Collected material:
· · · · ·
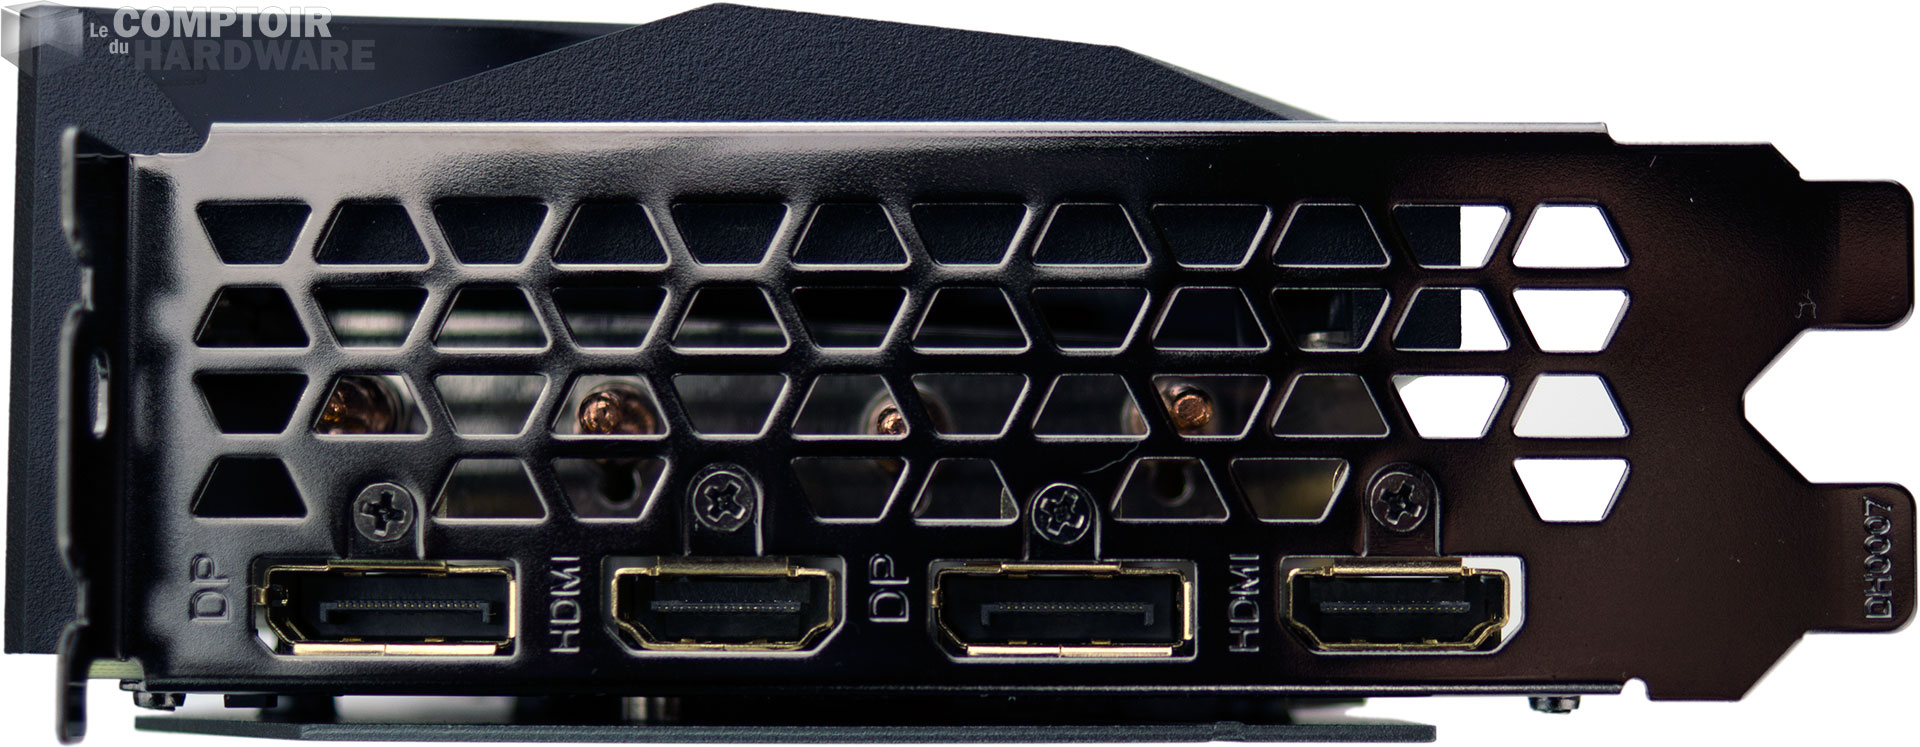 Gigabyte RTX 3060 Ti Gaming OC Pro : connectique
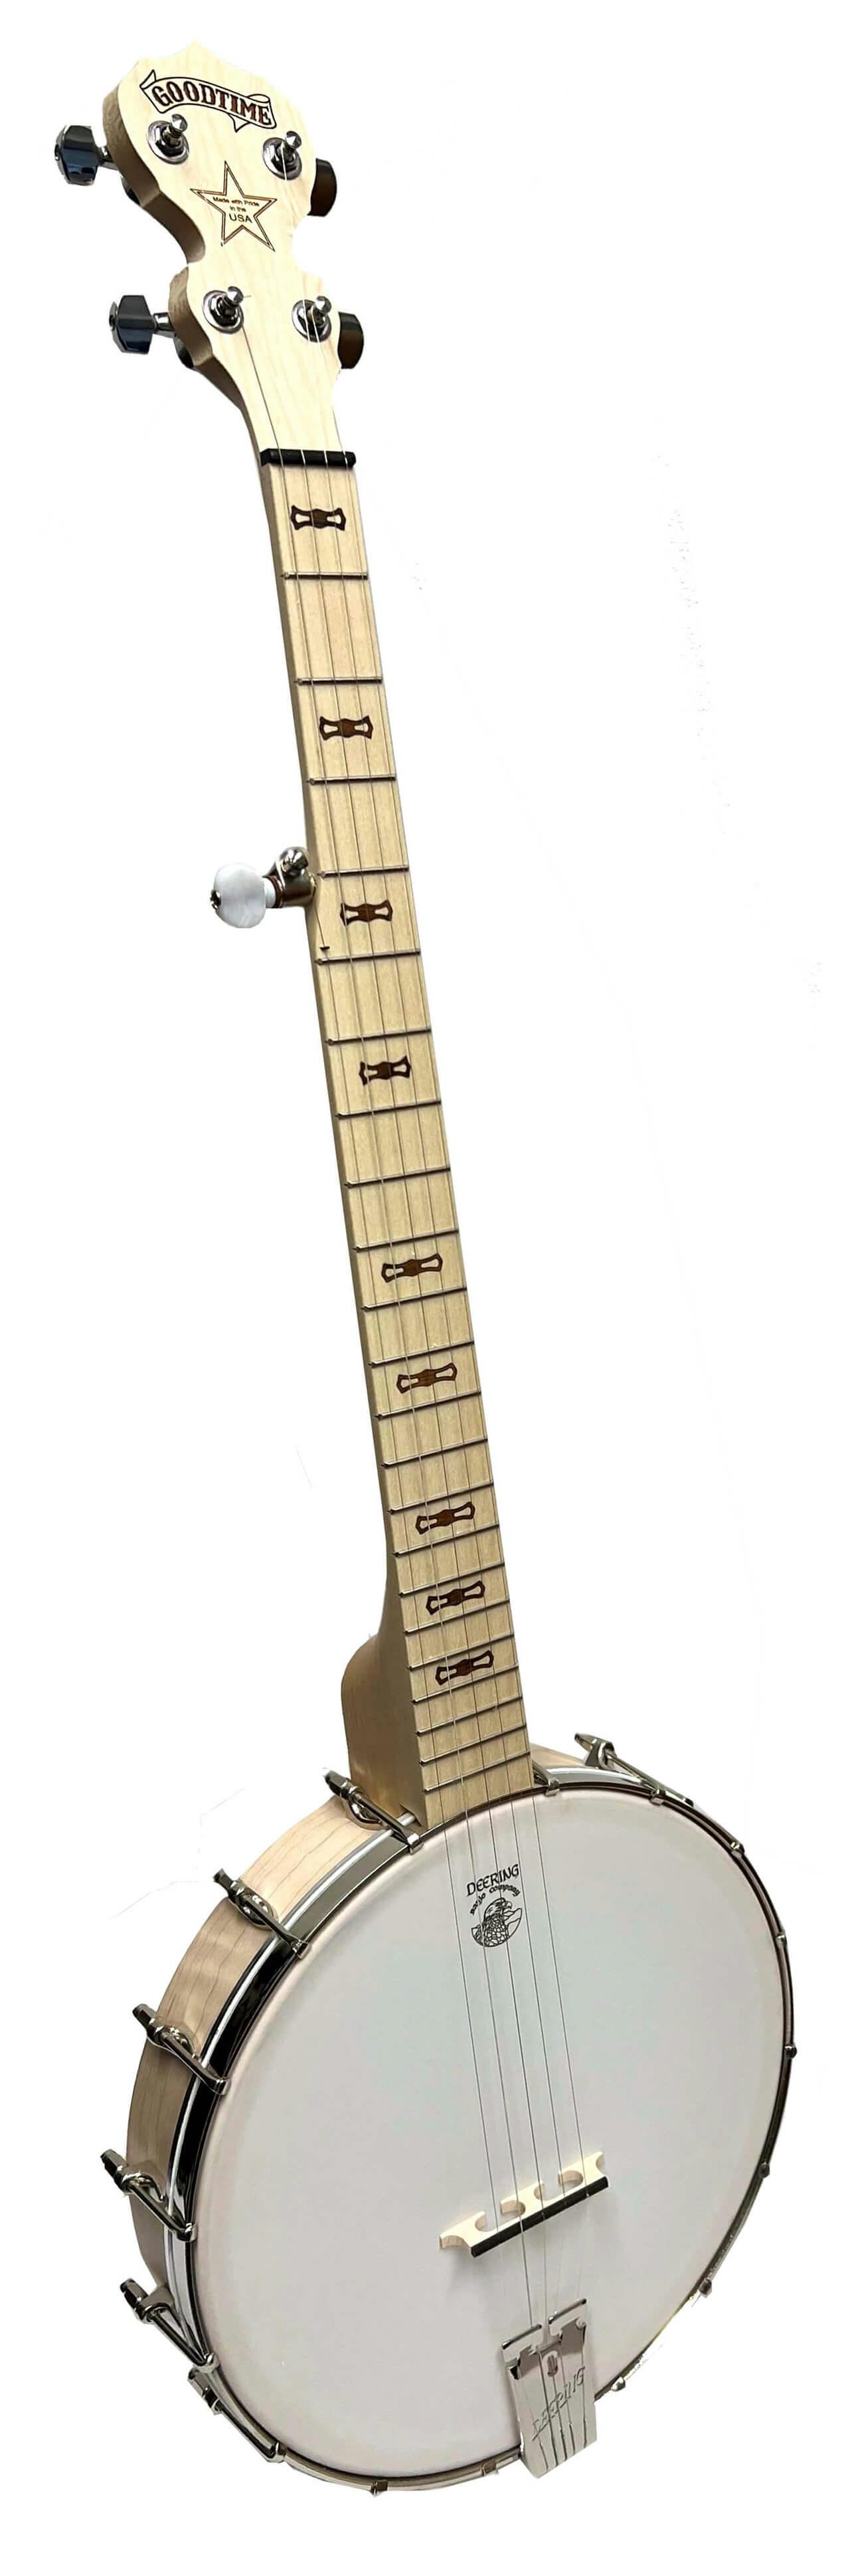 Deering Goodtime USA Built 5-String Banjo
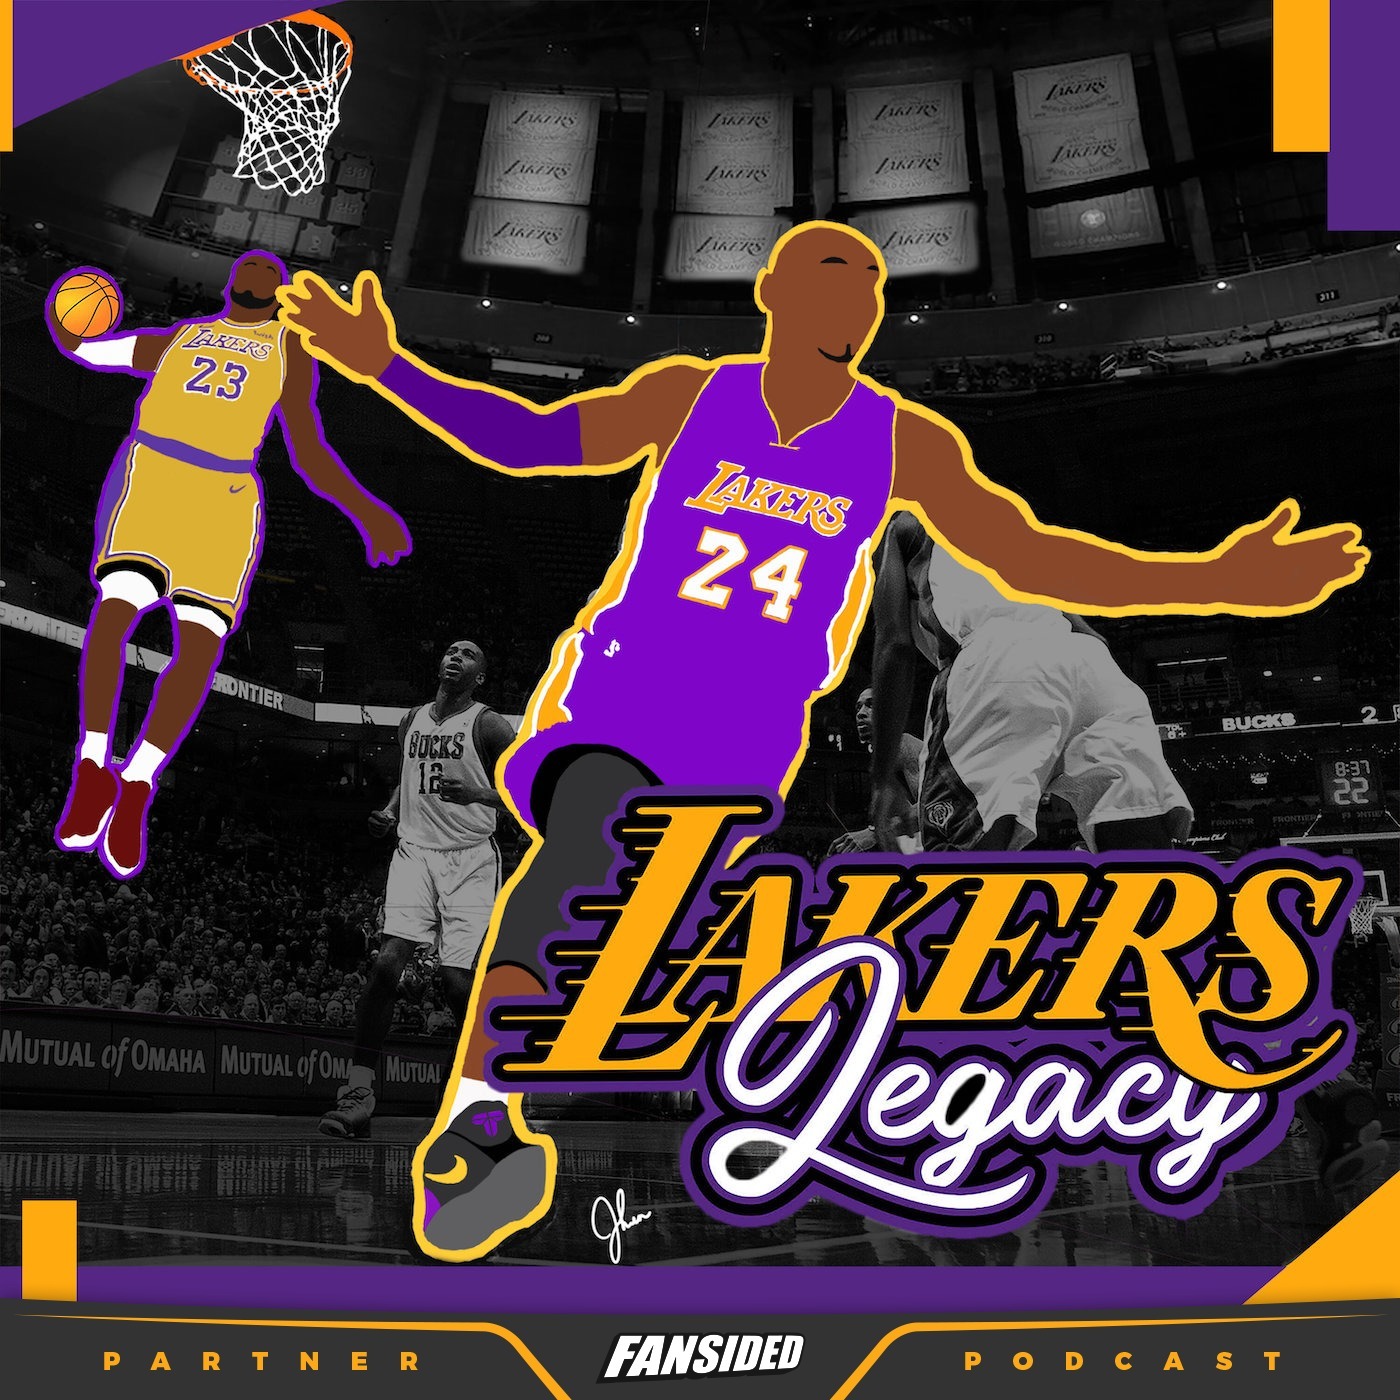 Coal N Terry Vtg La Lakers Basketball Jersey
· · · · ·
Exercise goal: The reply should repeat the listing above exactly and contain no pictures.

Result of the exercise:
 Gigabyte RTX 3060 Ti Gaming OC Pro : connectique
 Deering Goodtime USA Built 5-String Banjo
 Coal N Terry Vtg La Lakers Basketball Jersey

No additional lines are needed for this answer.